Reactive oxygen species mediate high glucose-induced plasminogen activator inhibitor-1 up-regulation in mesangial cells and in diabetic kidney.

Background: Plasminogen activator inhibitor-1 (PAI-1) plays an important role in remodeling of extracellular matrix (ECM) in the glomeruli. PAI-1 is up-regulated by high glucose and is overexpressed in diabetic kidney. Since reactive oxygen species (ROS) mediate ECM accumulation in diabetic glomeruli and was recently found to mediate transforming growth factor-beta1 (TGF-beta1)-induced PAI-1 up-regulation in glomerular mesangial cells, we examined the role of ROS in high glucose-induced PAI-1 expression in cultured glomerular mesangial cells and in streptozotocin-induced diabetic rat glomeruli.

Methods: Growth arrested and synchronized primary rat mesangial cells were treated with different concentrations of glucose in the presence or absence of N-acetylcysteine (NAC) or trolox, or after cellular reduced form of glutathione (GSH) depleted with DL-buthionine-(S,R)-sulfoximine (BSO). Taurine was administered to diabetic rats from 2 days to 4 weeks after streptozotocin injection. Urinary protein excretion, glomerular volume, and fractional mesangial area were measured as markers of renal injury and lipid peroxide (LPO) as an oxidative stress marker. PAI-1 mRNA expression was measured by Northern blot analysis in mesangial cells and reverse transcription-polymerase chain reaction (RT-PCR) in glomeruli, PAI-1 protein by Western blot analysis and enzyme-linked immunosorbent assay (ELISA), and plasmin activity by fluorometry.

Results: High glucose significantly increased PAI-1 mRNA and protein expression and decreased plasmin activity in mesangial cells. Equimolar concentrations of l-glucose or mannitol did not affect PAI-1 expression. BSO pretreatment significantly increased basal PAI-1 expression and amplified the response to high glucose. NAC effectively inhibited high glucose-induced, but not basal, PAI-1 expression. Reduced plasmin activity in mesangial cells by high glucose was rescued by antioxidants. Anti-TGF-beta antibody inhibited both high glucose- and H(2)O(2)-induced PAI-1 up-regulation. Taurine significantly reduced plasma LPO, glomerular PAI-1 expression, glomerular volume, fractional mesangial area, and proteinuria in streptozotocin-induced diabetic rats.

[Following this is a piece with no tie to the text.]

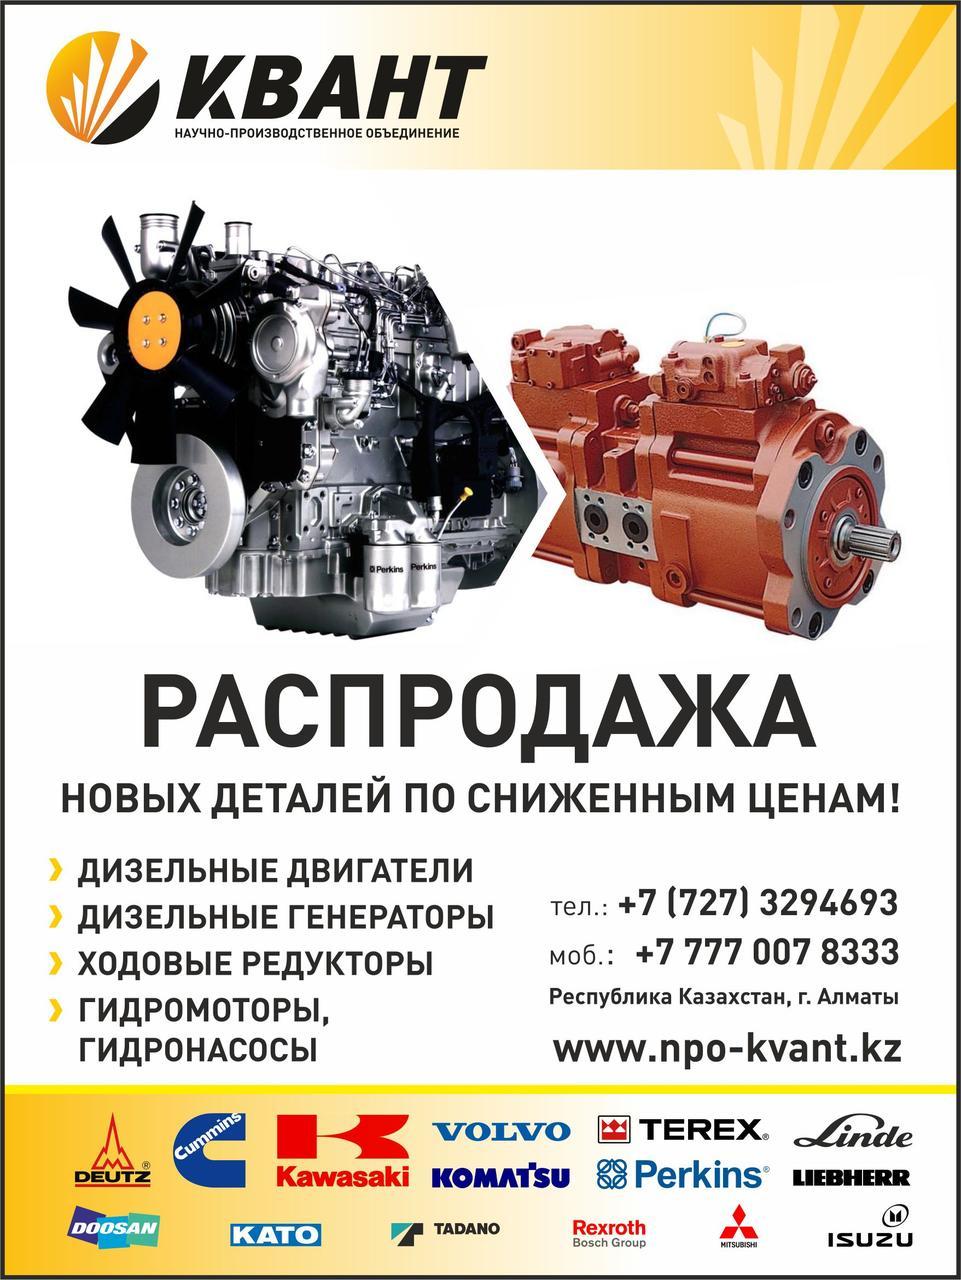 Дизельные двигатели Perkins, Алматы

Conclusion: These results demonstrate that ROS mediate high glucose-induced up-regulation of PAI-1 expression in cultured mesangial cells and in diabetic glomeruli. Since both high glucose and TGF-beta1 induce cellular ROS and ROS mediate both high glucose- and TGF-beta1-induced PAI-1, ROS appear to amplify TGF-beta1 signaling in high glucose-induced PAI-1 up-regulation. Antioxidants can prevent accumulation of ECM protein in diabetic glomeruli partly by abrogating up-regulation of PAI-1 and suppression of plasmin activity.